A small to medium-sized apple box tree of south-eastern coastal New South Wales and Victoria from the Strzelecki Range eastwards. It has typical box-type bark but is unrelated to the true box species. Eucalyptus angophoroides has green juvenile leaves, slightly discolorous adult leaves and four valves to the fruit, which distinguishes it from the related tableland species, E. bridgesiana, which has sub-opposite to alternate, glaucous juvenile leaves, concolorous adult leaves and usually three valves to the fruit. The third species of the group is E. dunnii, a tall tree of the far Northern Tablelands of New South Wales, differing in being mostly smooth-barked and in having green juvenile leaves. The fourth species of the group, E. malacoxylon, restricted to the Moonbi area north of Tamworth, can be easily distinguished from the others by the presence of a prominent median flange where the operculum joins the hypanthium, and it usually has coarser glaucous buds and fruit.
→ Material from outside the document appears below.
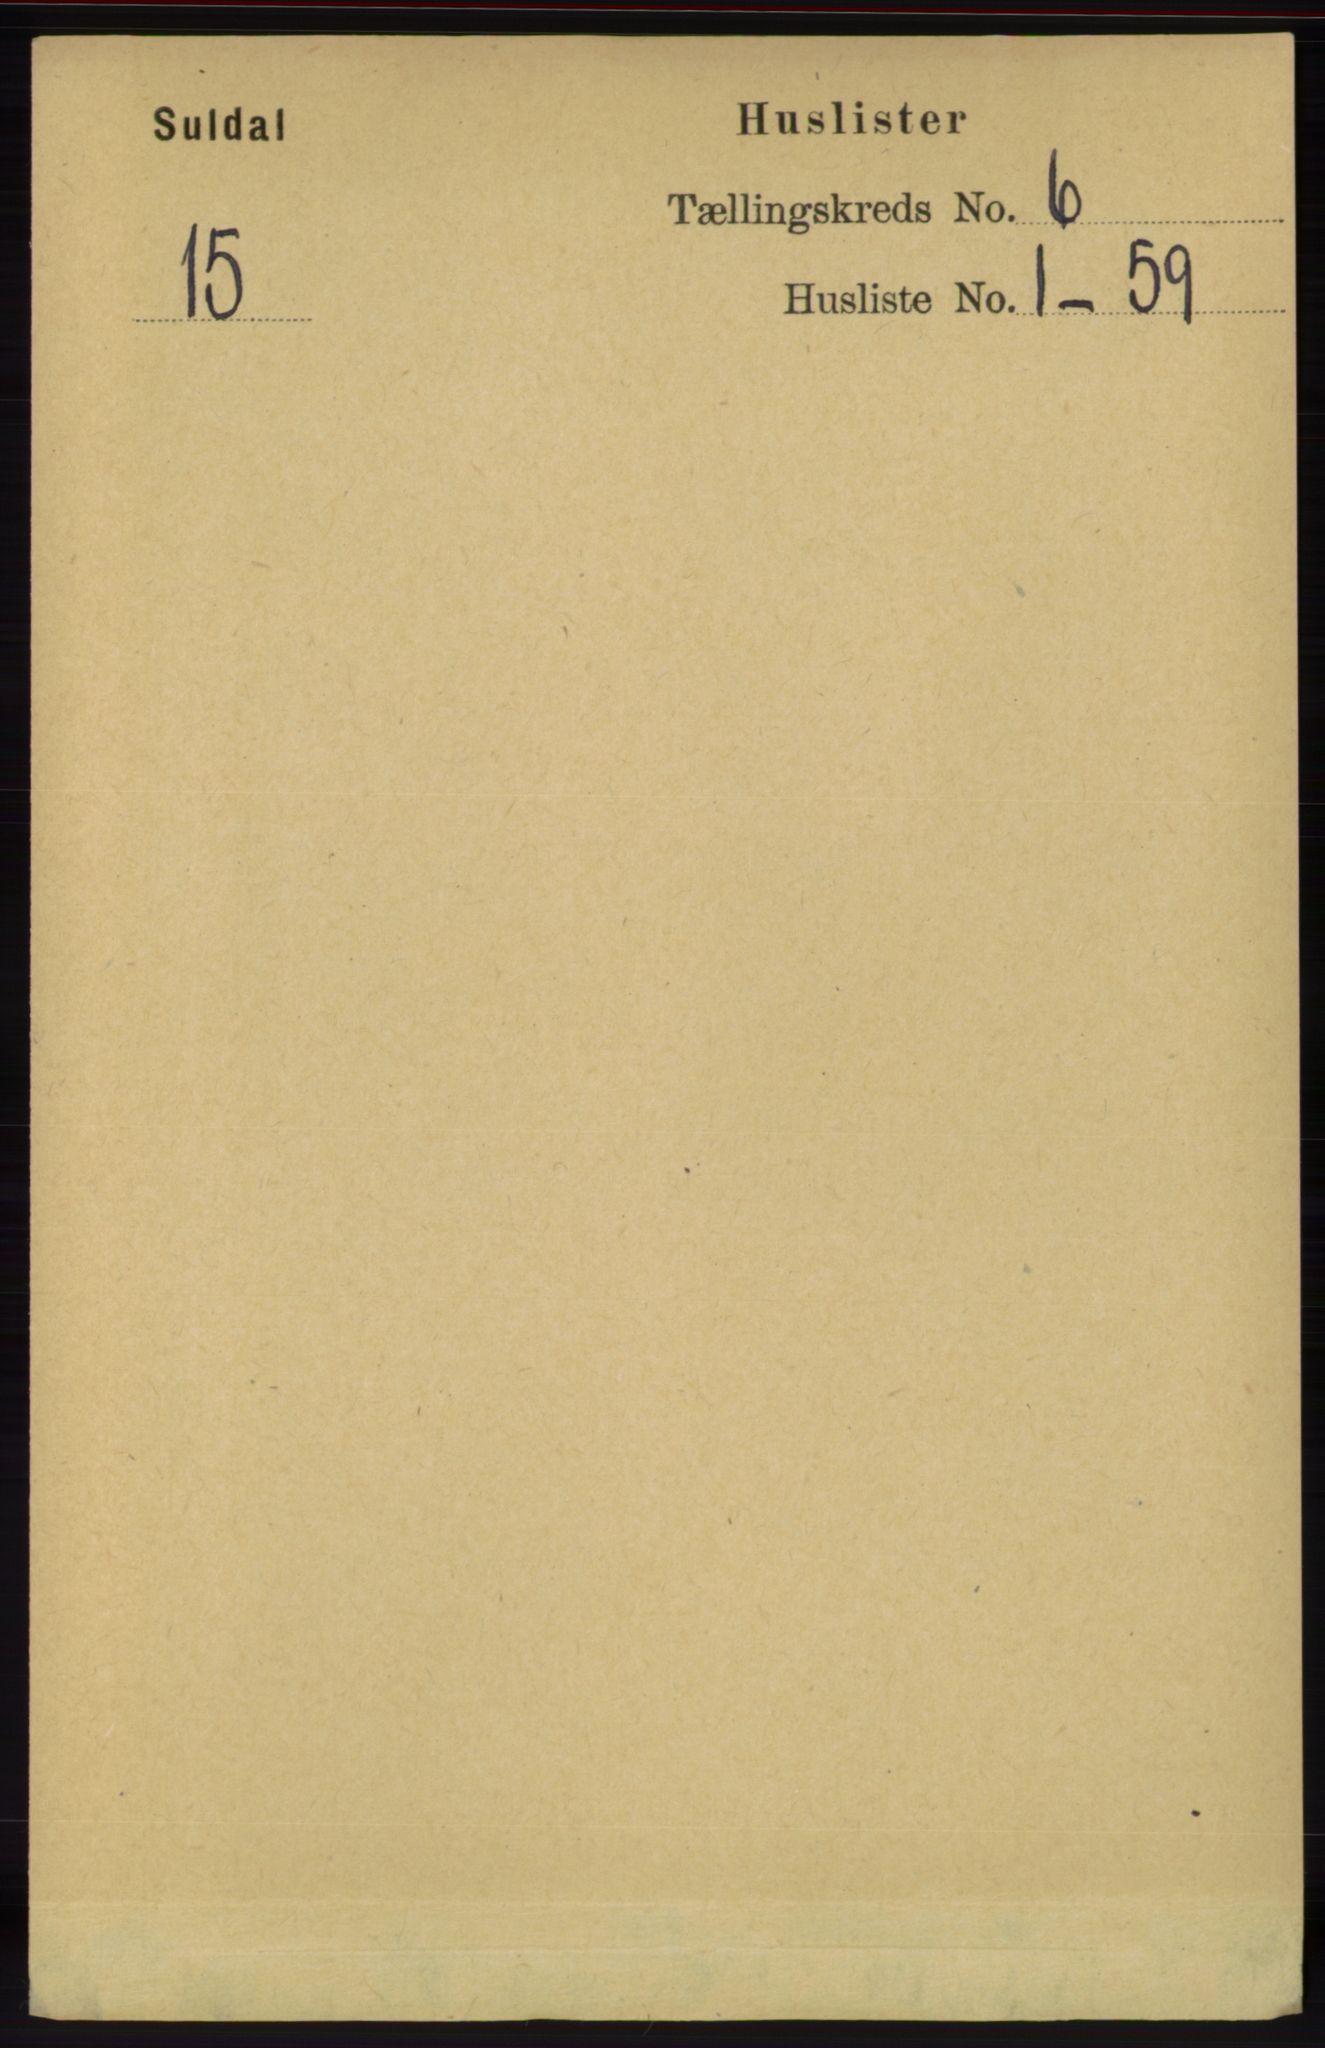 RA, Folketelling 1891 for 1134 Suldal herred, 1891, s. 1533

E. angophoroides belongs to Eucalyptus subgenus Symphyomyrtus section Maidenaria, a large group of species more or less restricted to south-eastern Australia, characterised by bilobed cotyledons, simple axillary inflorescences, buds with two opercula, stamens with versatile anthers and flattened seeds with a ventral hilum. Within this section E. angophoroides belongs to a small group, series Bridgesianae, further characterised by rough bark becoming tessellated, ovate, crenulate juvenile leaves, buds in sevens and fruit with exserted valves. There are four species in series BridgesianaeE. bridgesiana, E. dunnii, E. malacoxylon and E. angophoroides. The differences are outlined above.

Origin of Name
Eucalyptus angophoroides: resembling the genus Angophora, allusion obscure.